Given two-real-valued functions S(x) and T(x) such that
$ T(x) = \sum_{n \leq x}S(\frac{x}{n}) $
If S(x) = O(x) and if c is a positive costant, prove that the relation
$ S(x) \sim cx $ as $ x \rightarrow \infty$
implies
$ T(x) \sim cxlogx $ as $ x \rightarrow \infty$
My idea is that even if S(x) behaves like cx at infinity, the sum T always calculate S near 1, where it can behave as it wants. I thought the following counterexample
$ S(x) = \begin{cases}0 & \text{if x = 1} \\\frac{x^2}{x-1}, & \text{if x > 1} \end{cases} $
$ S(x) \sim x $ as $ x \rightarrow \infty$
but if I take
$ x_k = k + 10^{-k}, k \in \mathbb N$
I have that
$T(x) \geq S(\frac{x_k}{k}) = \frac{(1+\frac{1}{k10^k})^2}{\frac{1}{k10^k}} \geq k10^k$
And so it's not true that
$T(x) \sim xlogx $ as $ x \rightarrow \infty$
Am I right?
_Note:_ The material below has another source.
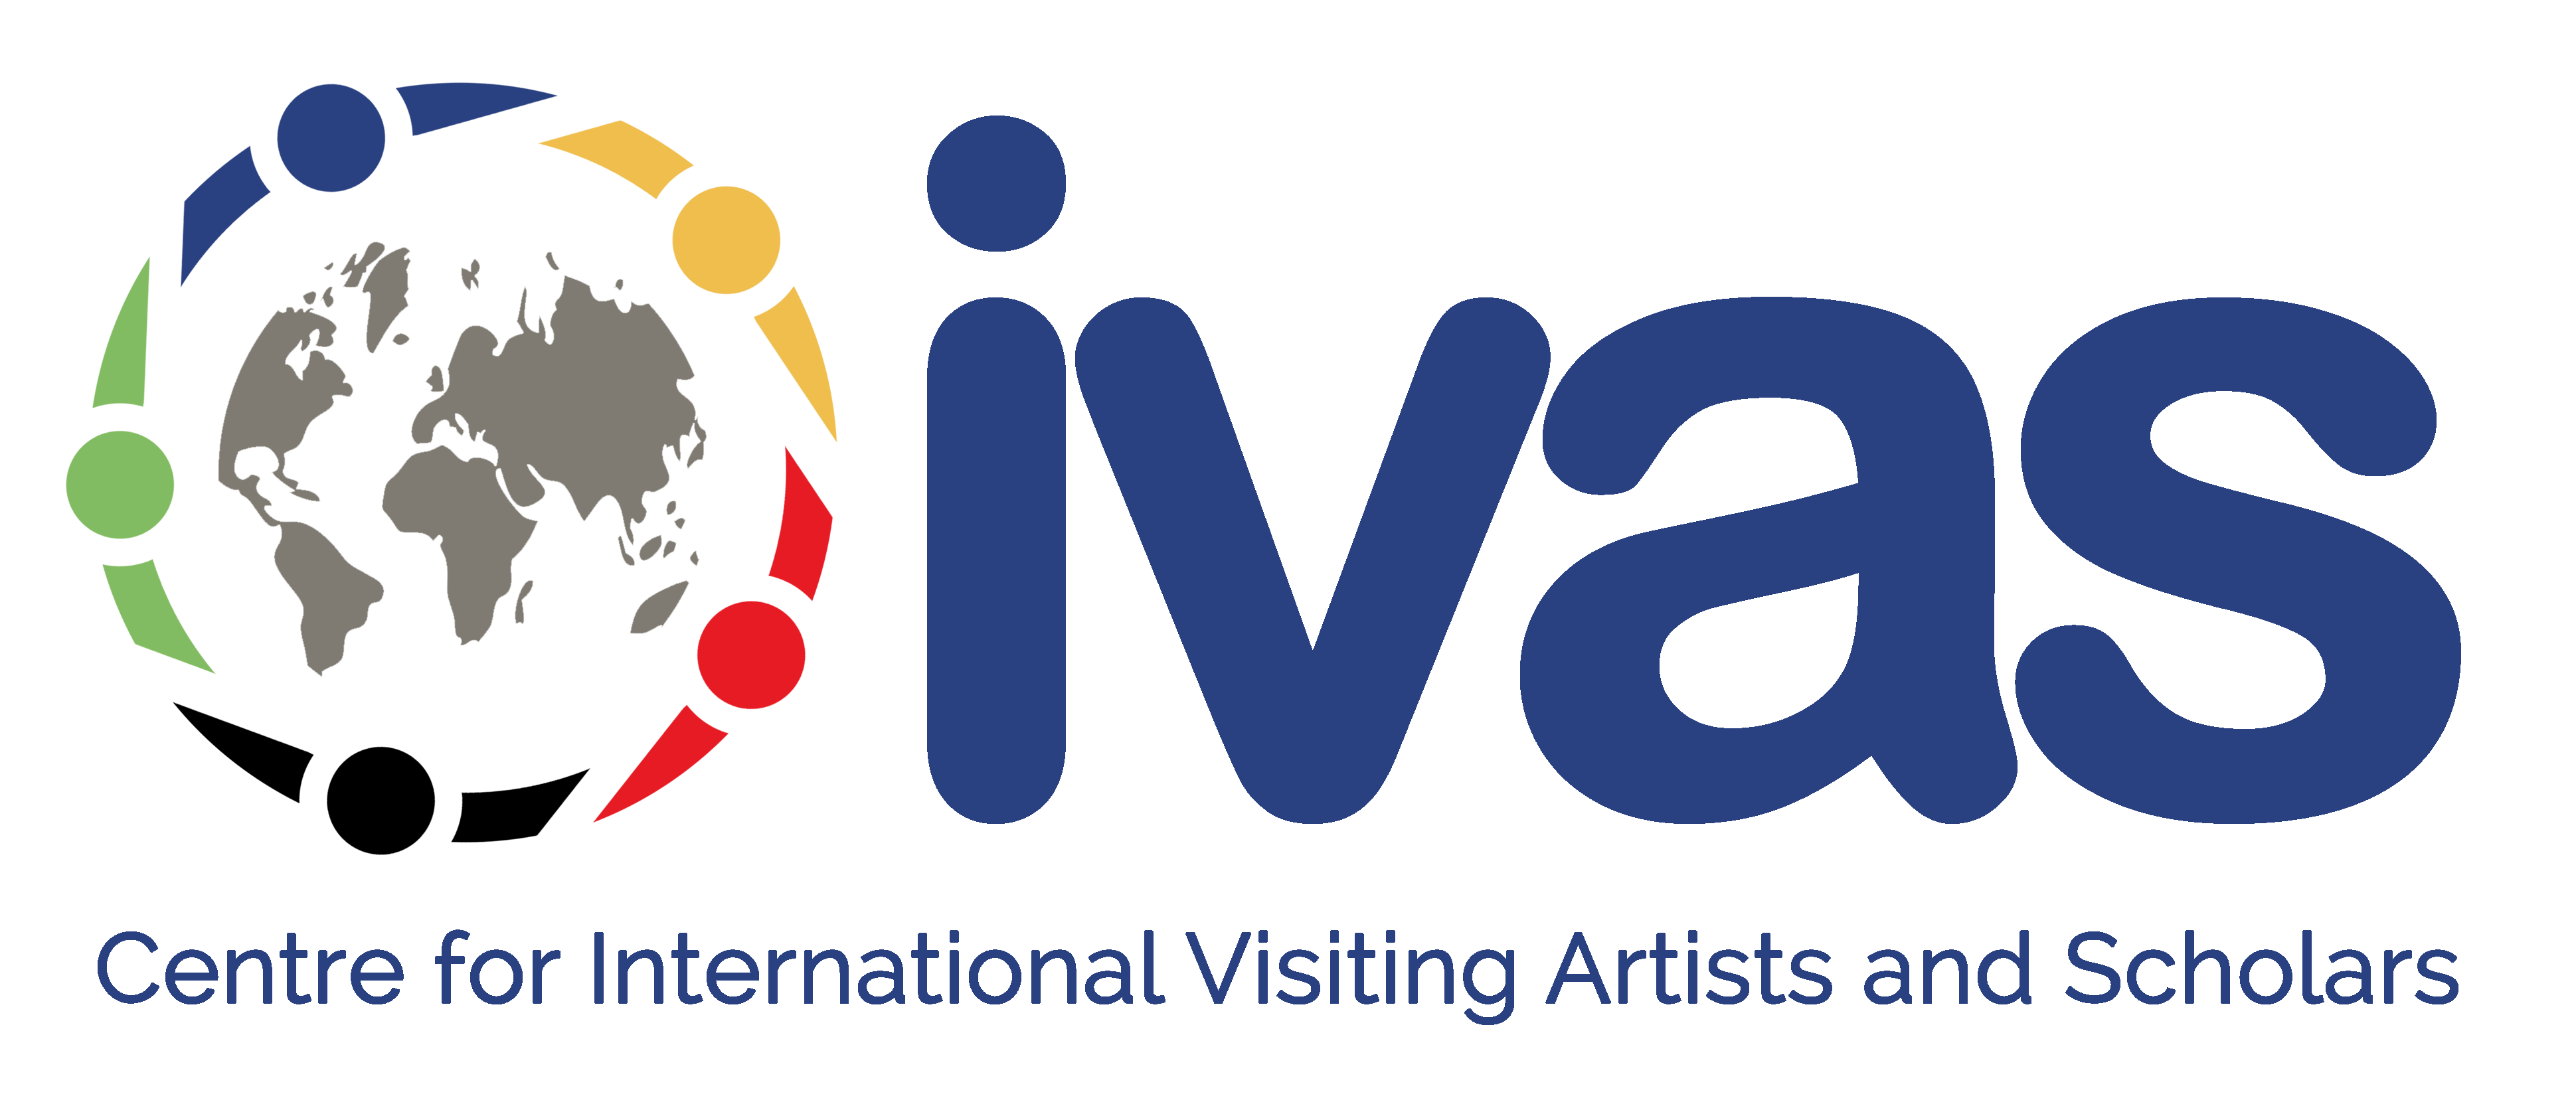 ivas logo - blue font with world map icon

Nowhere the author claims that the functions need to be continuous (and usually in number theory they are not) nor bounded (maybe is this implicit?)*
I found on the web a solution in which the author use the identity
$ S(x) = cx + o(x) $
and then he inserts it inside the sum and gets
$ T(x) = \sum_{n \leq x}({c\frac{x}{n} + o(\frac{x}{n})})$
and then he gets the result; but I think this is not correct because the asymptotic equivalence works "as x goes to infinity" and not necessarily when x is small (for example when it is x/[x]). So I think he cannot "substitute into the sum". But also Apostol himself uses these substitutions in some proof in the book.
Where am I wrong?Thanks in advance
[EDIT]*I mean bounded in every [0, M]